TASK PROMPT:
For this exercise, print the listing below exactly, without its pictures.

RECORDED INFORMATION:
◇ ◇ ◇
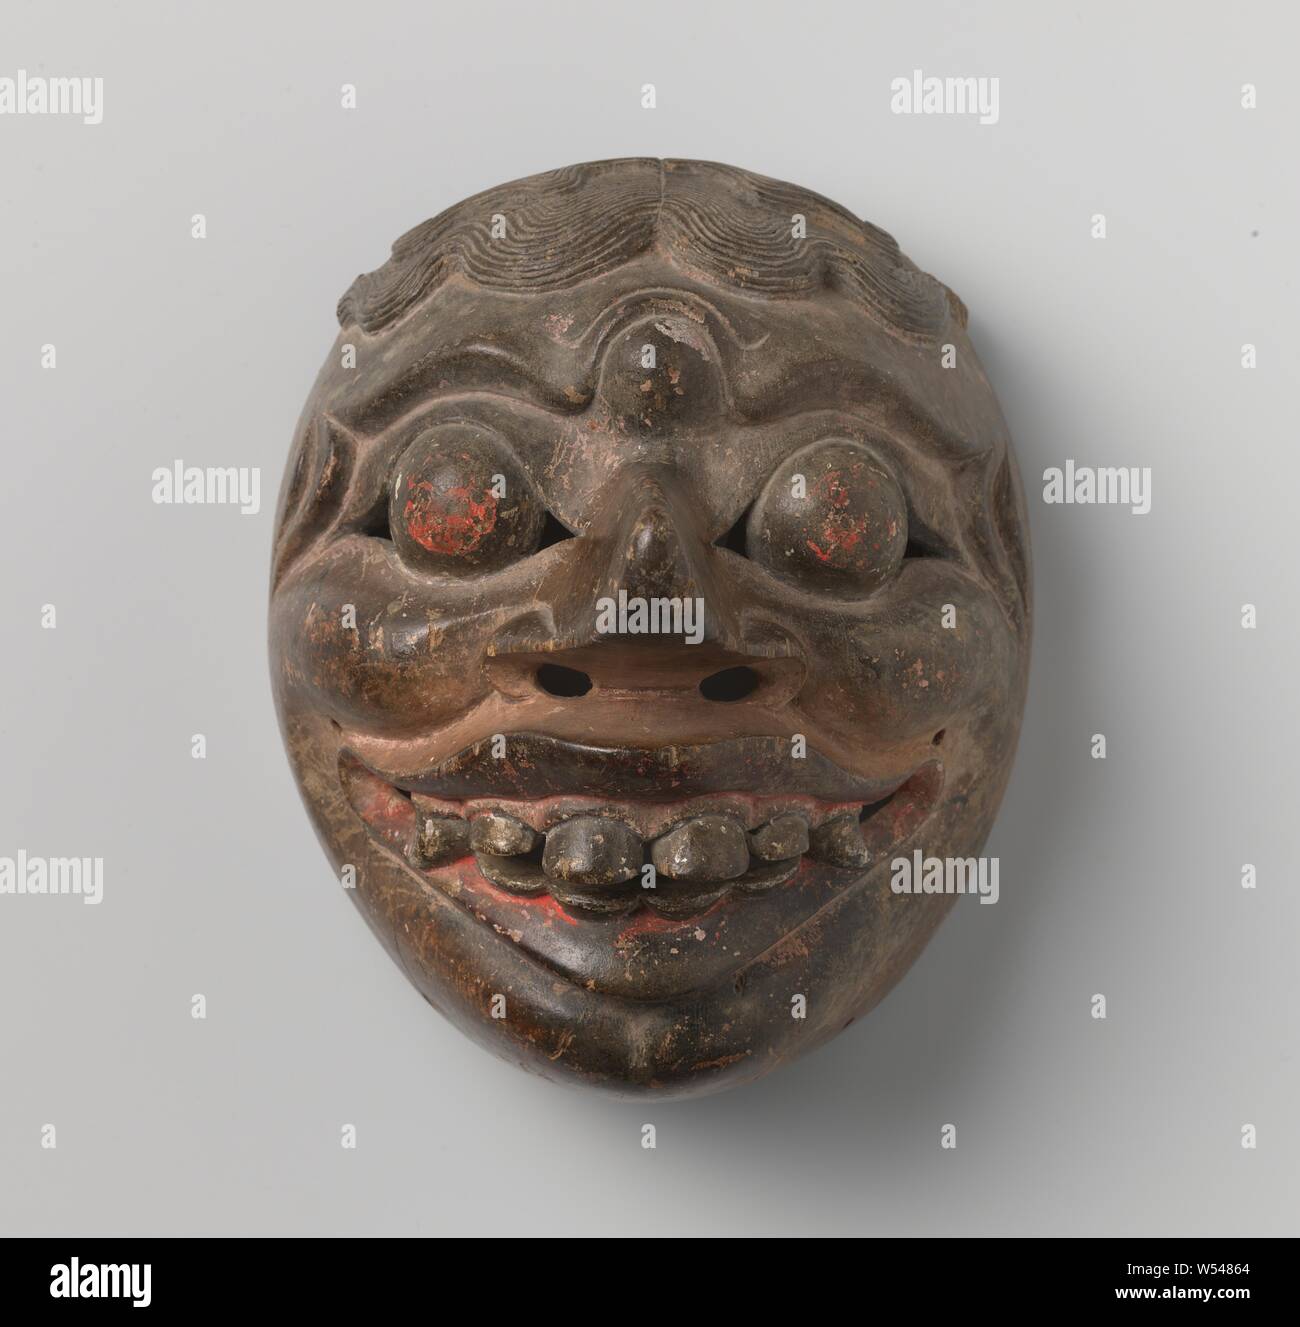 Mask from Ombakarna, Mask from Ombakarna., Java, 1800 - 1900, wood (plant material), dye, h 18 cm × w 15 cm × d 16.5 cm Stock Photo
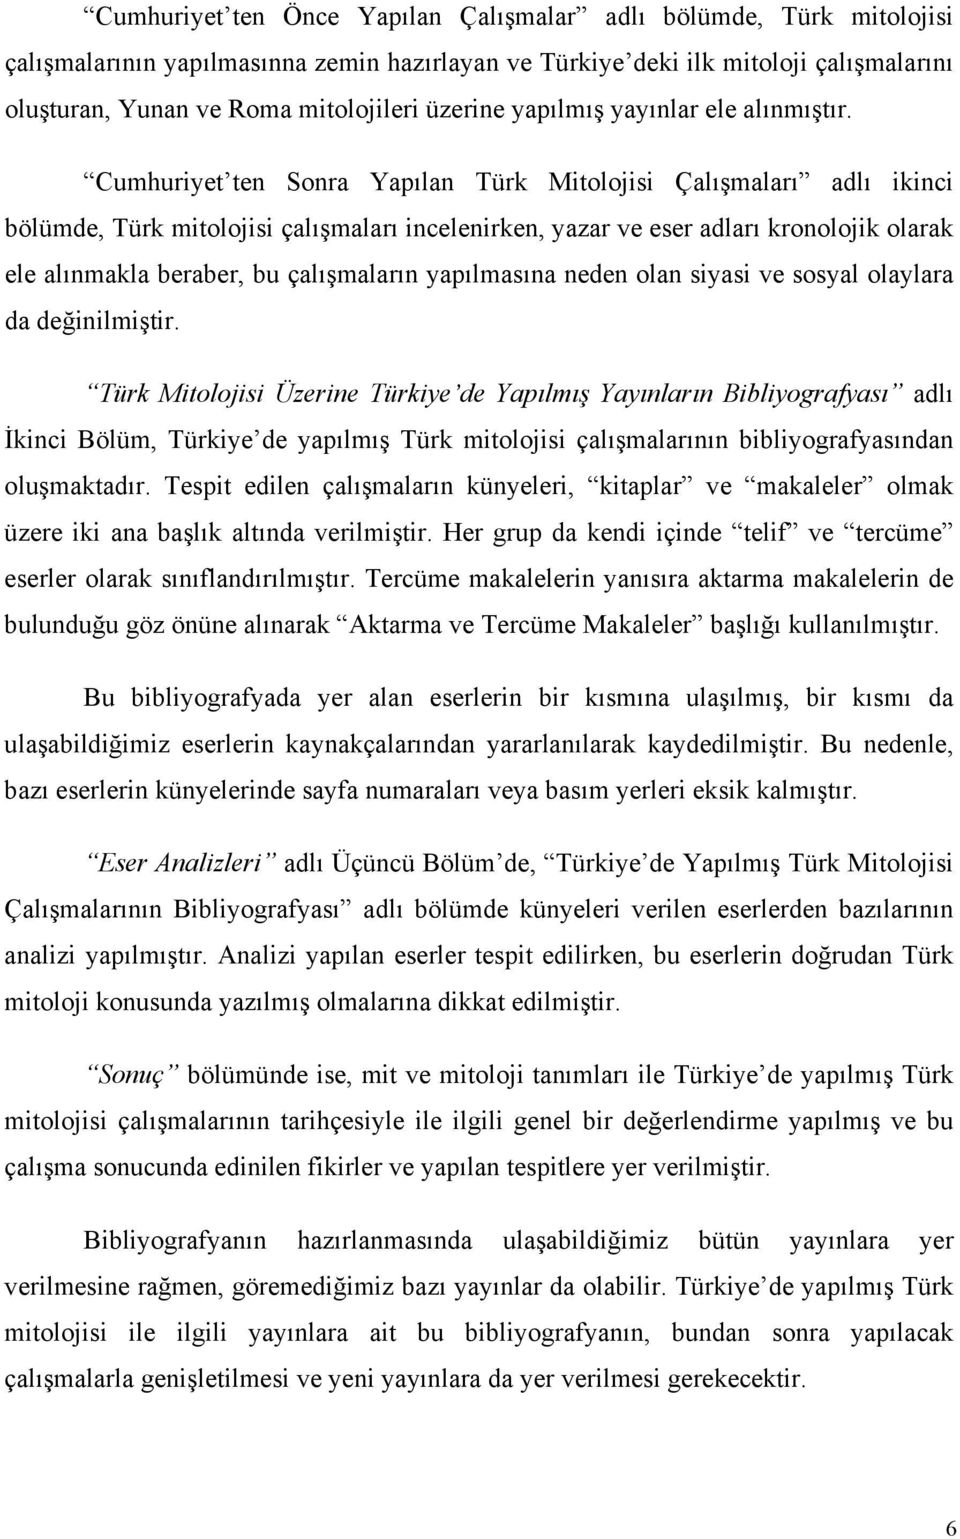 Cumhuriyet ten Sonra Yapılan Türk Mitolojisi Çalışmaları adlı ikinci bölümde, Türk mitolojisi çalışmaları incelenirken, yazar ve eser adları kronolojik olarak ele alınmakla beraber, bu çalışmaların
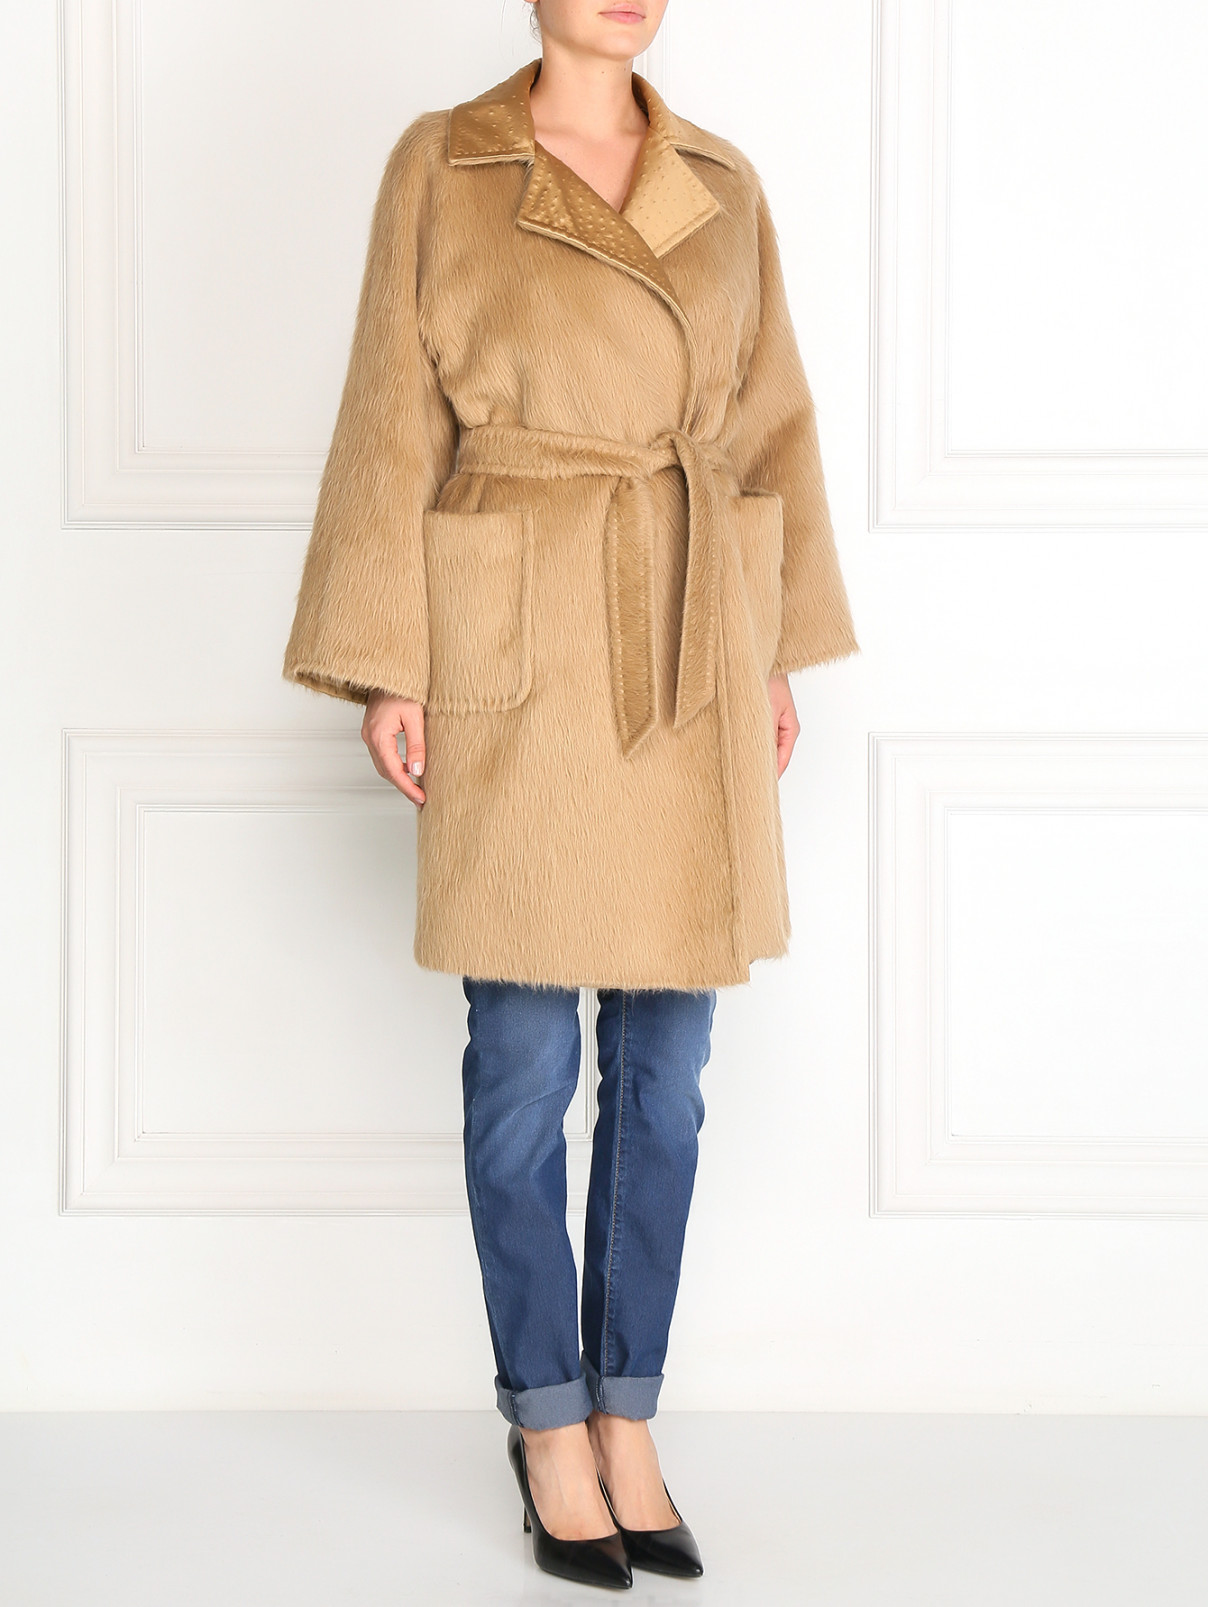 Пальто из шерсти и шелка Max Mara  –  Модель Общий вид  – Цвет:  Бежевый
◇ ◇ ◇
EXERCISE RESPONSE:
 Mask from Ombakarna, Mask from Ombakarna., Java, 1800 - 1900, wood (plant material), dye, h 18 cm × w 15 cm × d 16.5 cm Stock Photo
 Cumhuriyet ten Sonra Yapılan Türk Mitolojisi Çalışmaları adlı ikinci bölümde, Türk mitolojisi çalışmaları incelenirken, yazar ve eser adları kronolojik olarak ele alınmakla beraber, bu çalışmaların
 Пальто из шерсти и шелка Max Mara  –  Модель Общий вид  – Цвет:  Бежевый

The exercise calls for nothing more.